[SUPPLIED DATA]
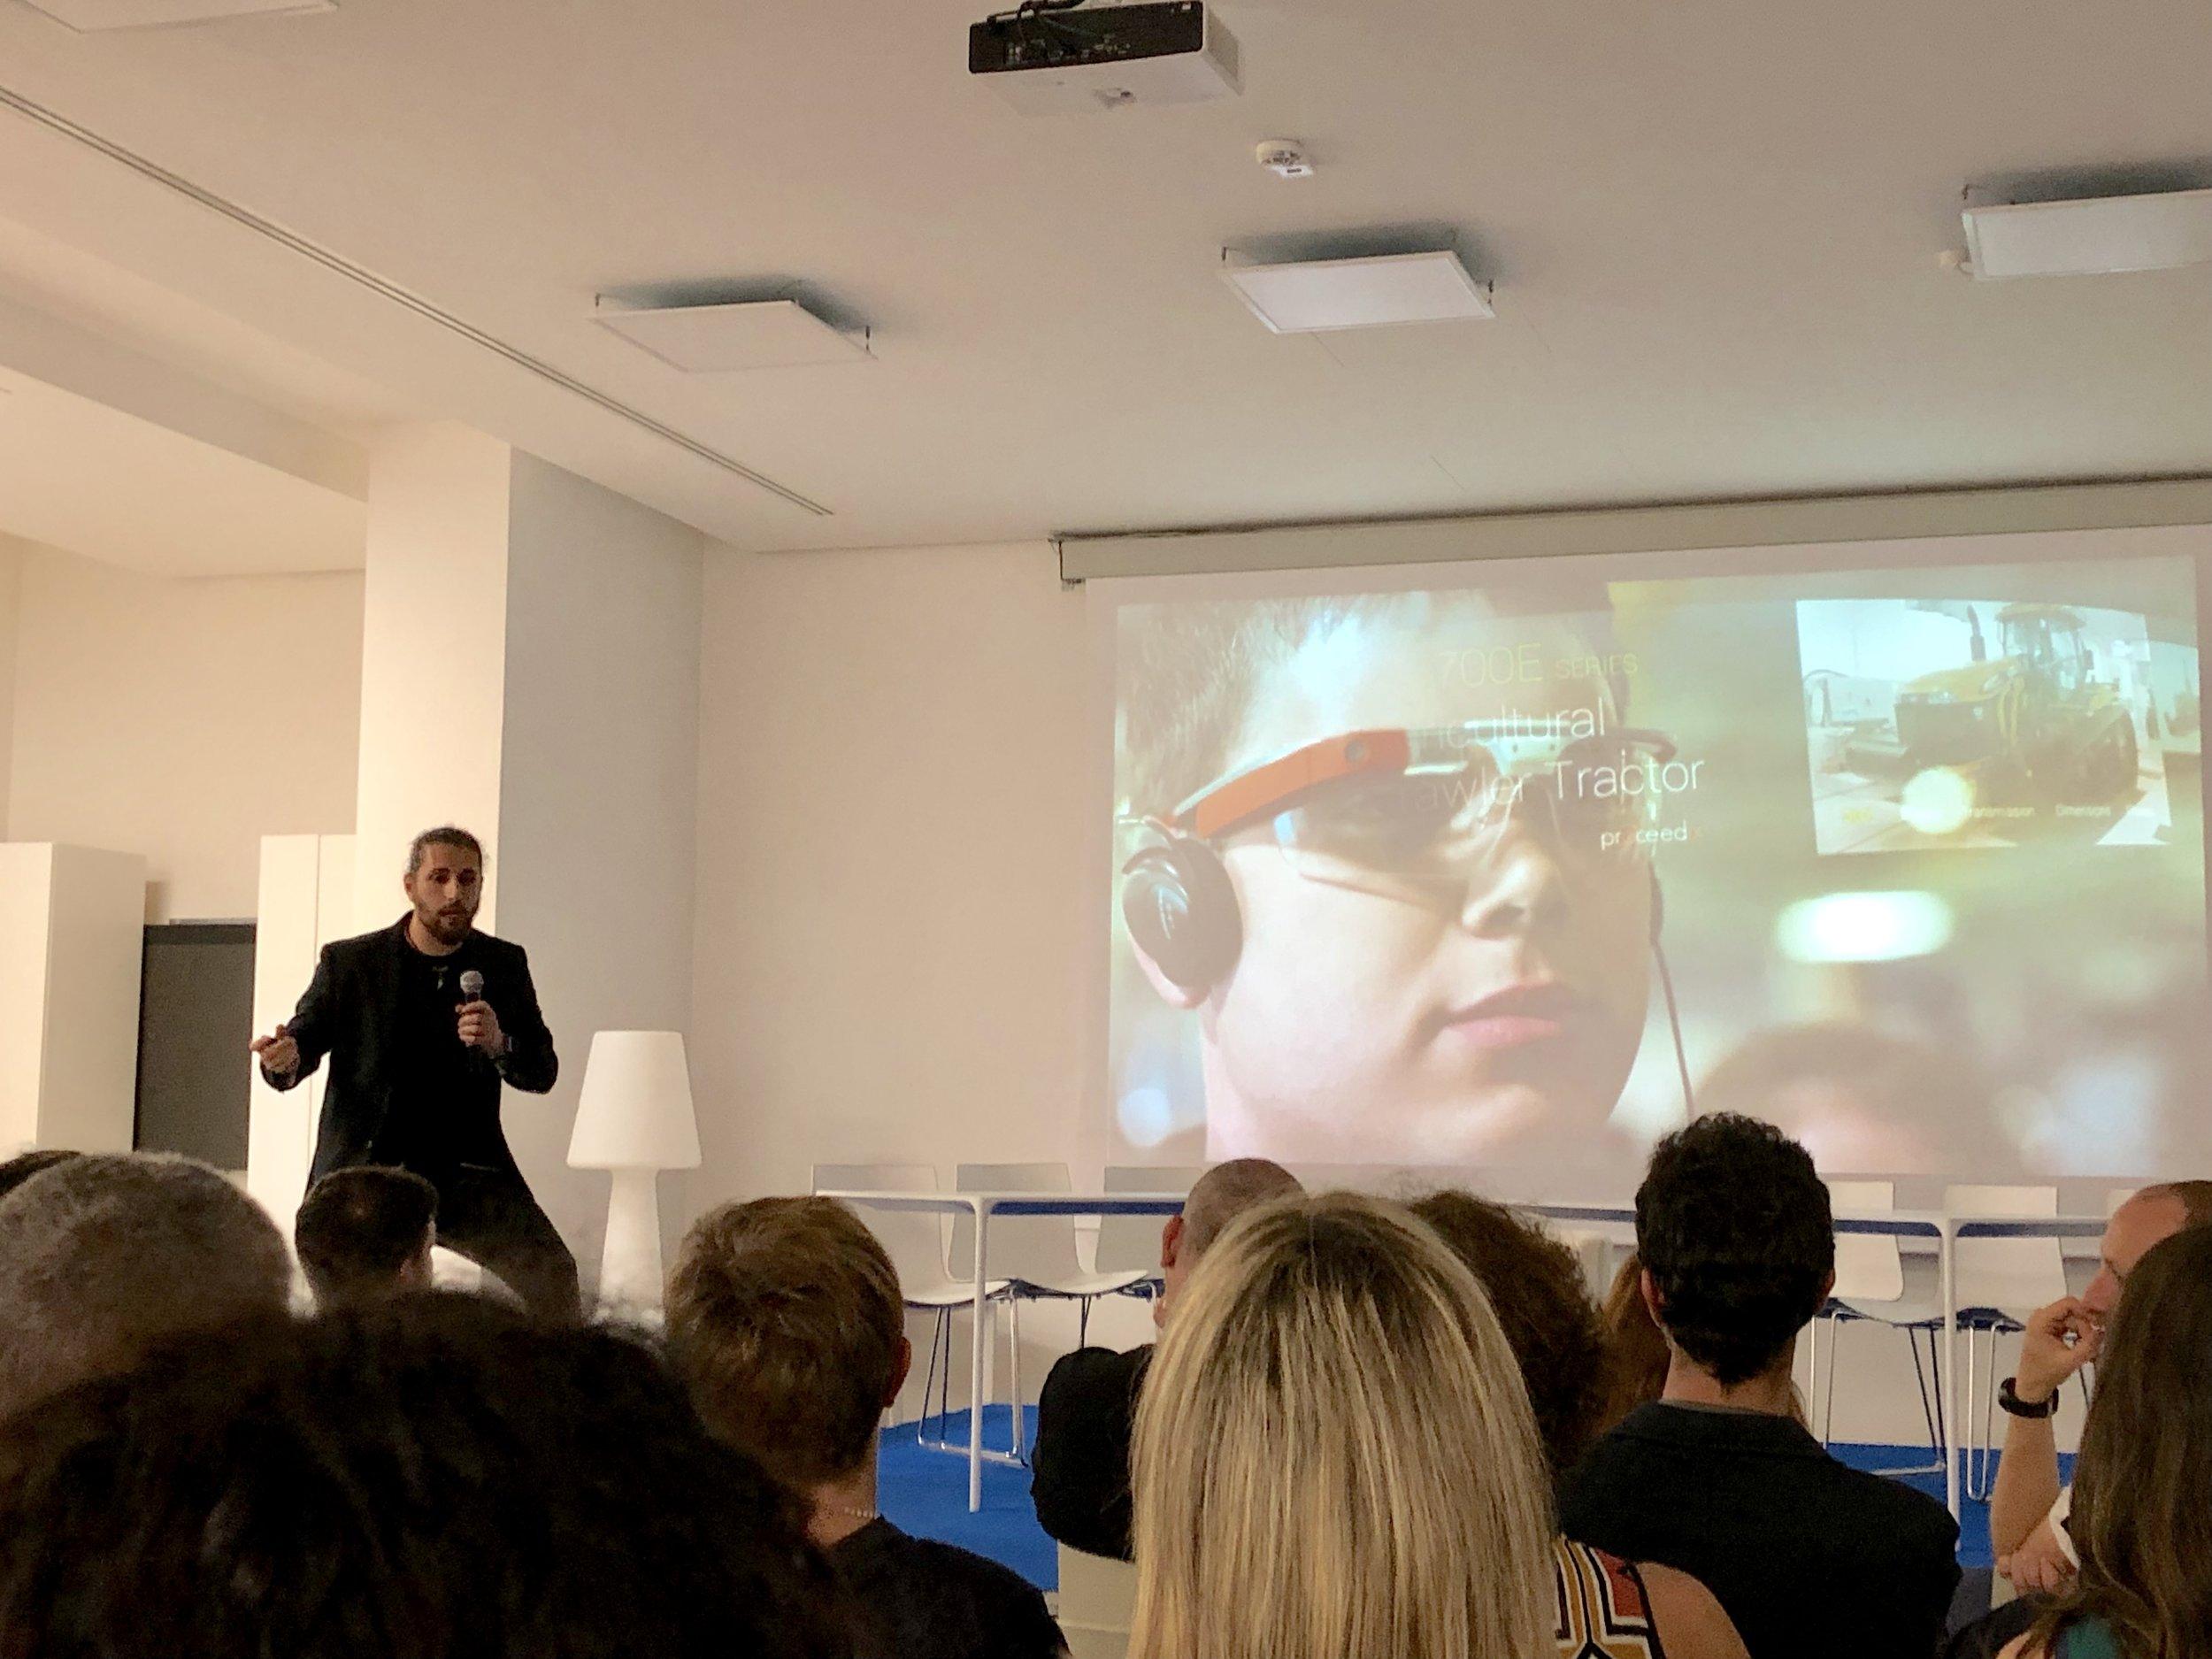 """MERULANA DIGITAL EXPERIENCE - Arte e realtà virtuale, un connubio potente che apre orizzonti ancora inesplorati.Marco Cappellini presenta le sua startup """"Centrica"""" per la digitalizzazione museale ad alta risoluzione.Andrea Mazziotti conduce il Salon """"The Third Eye"""" un dibattito interattivo che intreccia la tecnologia disruptive della Realtà Virtuale con le possibili implicazioni socioeconomiche che essa può portare."""
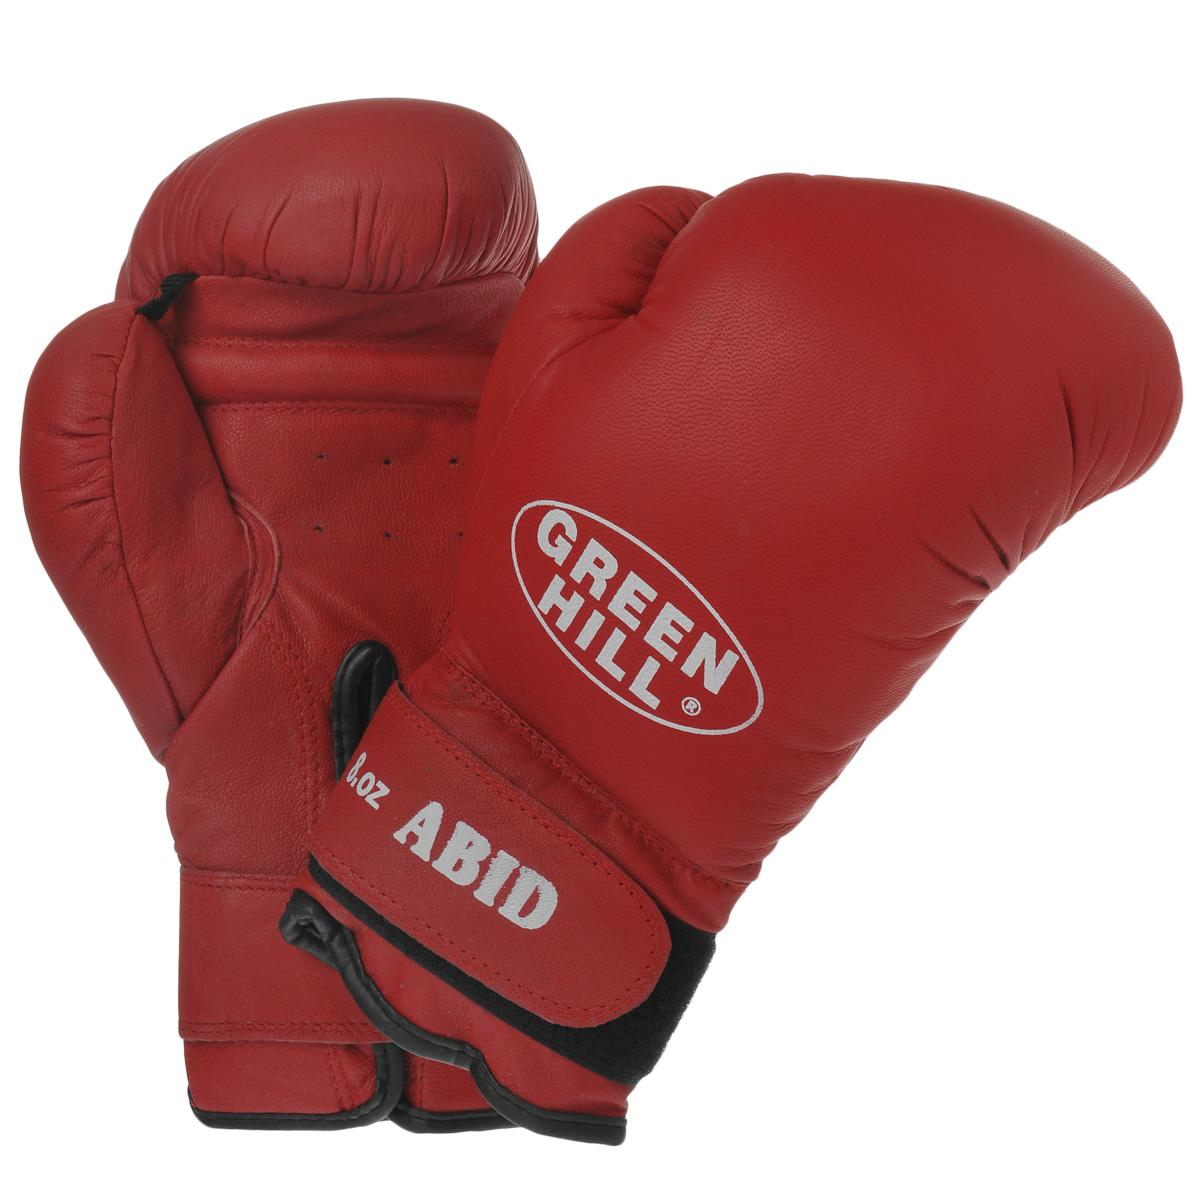 Перчатки боксерские Green Hill Abid, цвет: красный. Вес 8 унцийBGA-2024Боксерские тренировочные перчатки Green Hill Abid выполнены из натуральной кожи. Они отлично подойдут для начинающих спортсменов. Мягкий наполнитель из очеса предотвращает любые травмы. Широкий ремень, охватывая запястье, полностью оборачивается вокруг манжеты, благодаря чему создается дополнительная защита лучезапястного сустава от травмирования. Застежка на липучке способствует быстрому и удобному одеванию перчаток, плотно фиксирует перчатки на руке.
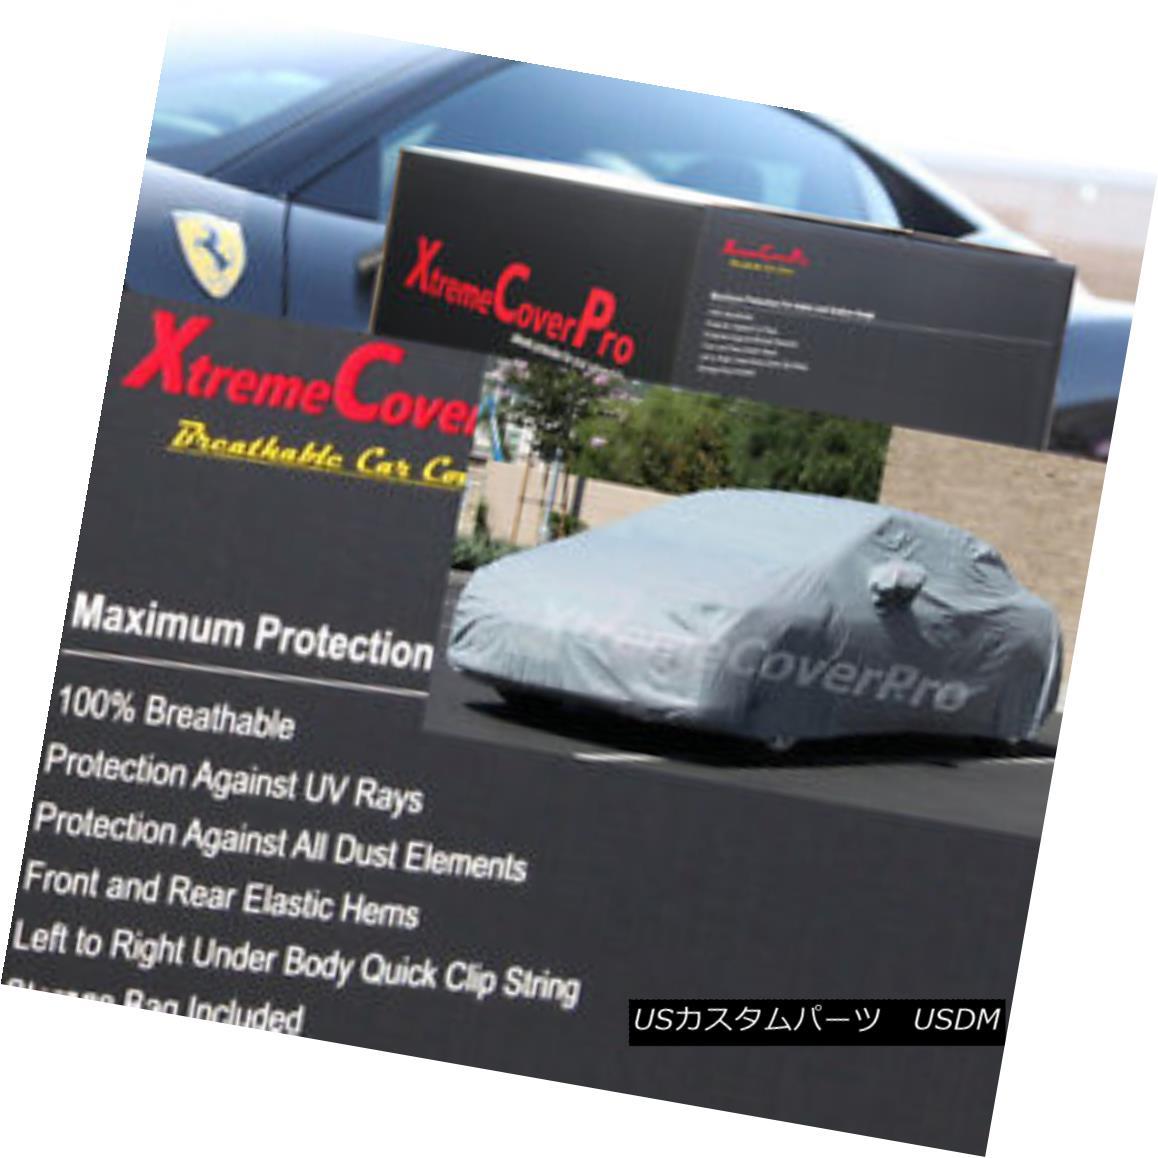 カーカバー 2006 2007 Lexus GS300 GS350 GS430 Breathable Car Cover w/MirrorPocket 2006年2007年レクサスGS300 GS350 GS430通気性車カバー付き(MirrorPocket)

[ASSIGNMENT] Each line of the data above must be reproduced as written. Skip the pictures.

[SOLVED EXERCISE]
 """MERULANA DIGITAL EXPERIENCE - Arte e realtà virtuale, un connubio potente che apre orizzonti ancora inesplorati.Marco Cappellini presenta le sua startup """"Centrica"""" per la digitalizzazione museale ad alta risoluzione.Andrea Mazziotti conduce il Salon """"The Third Eye"""" un dibattito interattivo che intreccia la tecnologia disruptive della Realtà Virtuale con le possibili implicazioni socioeconomiche che essa può portare."""
 Перчатки боксерские Green Hill Abid, цвет: красный. Вес 8 унцийBGA-2024Боксерские тренировочные перчатки Green Hill Abid выполнены из натуральной кожи. Они отлично подойдут для начинающих спортсменов. Мягкий наполнитель из очеса предотвращает любые травмы. Широкий ремень, охватывая запястье, полностью оборачивается вокруг манжеты, благодаря чему создается дополнительная защита лучезапястного сустава от травмирования. Застежка на липучке способствует быстрому и удобному одеванию перчаток, плотно фиксирует перчатки на руке.
 カーカバー 2006 2007 Lexus GS300 GS350 GS430 Breathable Car Cover w/MirrorPocket 2006年2007年レクサスGS300 GS350 GS430通気性車カバー付き(MirrorPocket)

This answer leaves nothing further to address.